Сережа подошел к столу и потянул ящик, тот самый, который он представил себе, когда предлагал Леньке Носу это дело. Ящик не поддавался.
– Если ящик закрыт – значит, в нем что-то есть, – философически заметил Ленька. – Очень мне нравятся закрытые ящики.
Он повернул в замке отмычку и выдвинул ящик. Там не было денег. Но там лежали револьвер и пистолет. И раскрытая коробка из-под монпансье с патронами.

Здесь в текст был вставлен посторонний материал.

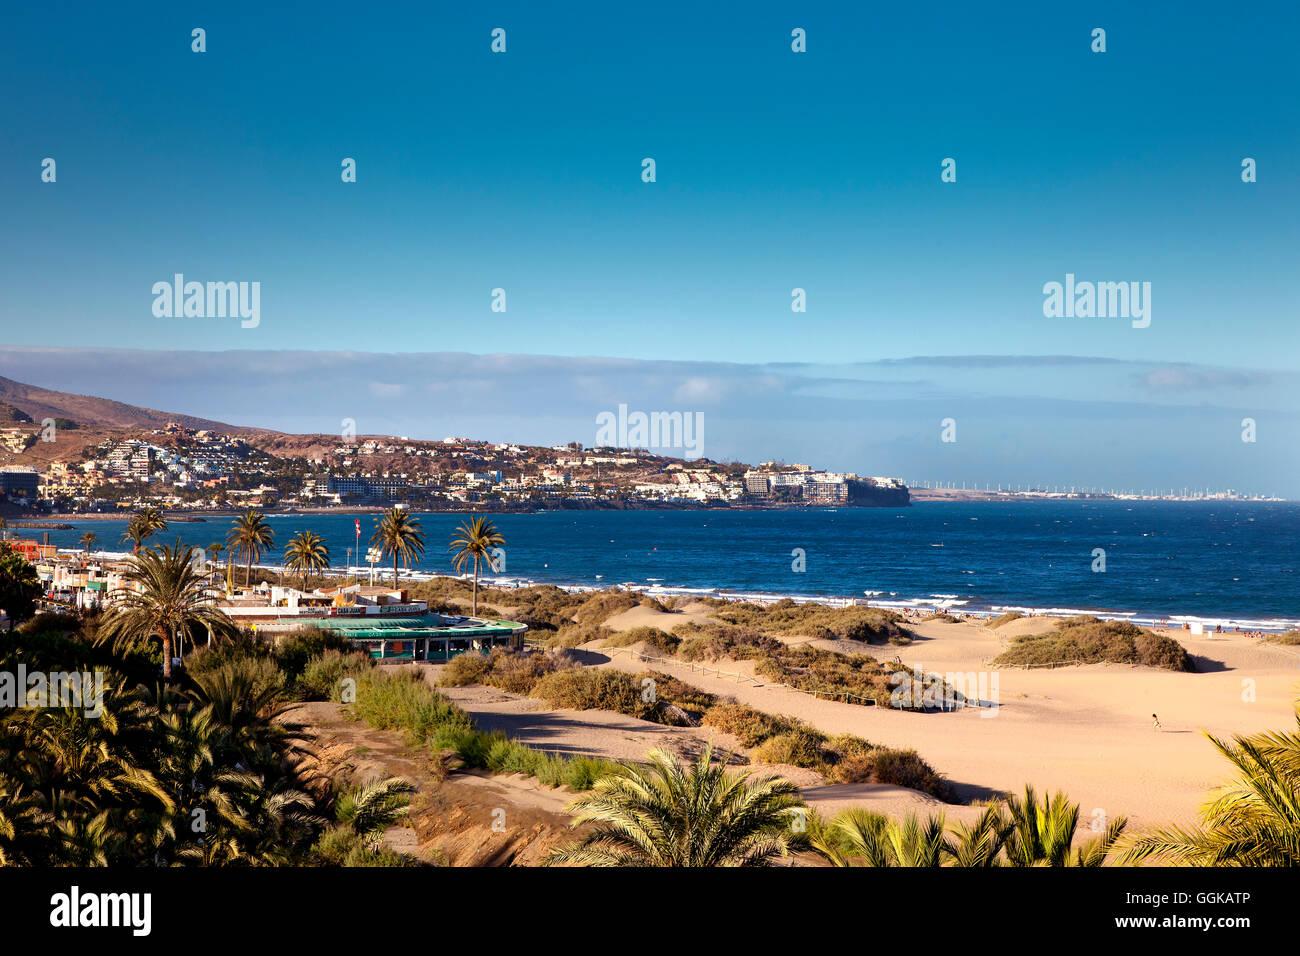 Maspalomas Dünen, Playa de Ingles, Gran Canaria, Kanarische Inseln, Spanien Stockbild

– Наган, – сказал Ленька, осматривая револьвер. – Самовзвод. А это – «Коровин». Семь шестьдесят два. Сильная штука.
– Я возьму… этот «Коровин»… – сказал Сережа, у которого кровь внезапно отхлынула от лица.
– Возьми, – охотно согласился Ленька, – а наган пусть Жорка заберет. Пусть похвалится перед своей девочкой.
Ударом каблука Жорка провалил дно в шифоньере.
– Есть, – воскликнул он радостно.
– Не горячись, – сказал Ленька, отбирая у Жорки перевязанные шпагатом крест-накрест две толстые пачки червонцев, золотые часы на толстой массивной цепи с брелоками из серебряных монет и браслет, усыпанный розоватыми камешками, словно рыбьей чешуей. – А пошарь там еще.
– Облигации, – сообщил Жорка.
– Не нужно презирать облигации, – поучительно сказал Жорке Ленька Нос. – Если ты не подписываешься на заем, так это совсем не значит, что ты не можешь выиграть по облигациям… И не выпускай пар. Делиться будем потом… А сейчас, мои дорогие коллеги, займемся погрузочно-разгрузочными работами.
Они развернули прихваченные с собой новые крепкие мешки, на которых черной краской Сережиной рукой были сделаны большие четкие надписи «Сдал ли ты утиль?», и стали набивать в эти мешки отрезы, пальто, плащи, ковры, и при этом Ленька Нос внимательно, как сведущий оценщик, осматривал каждую вещь и что похуже бросал в кучу на пол.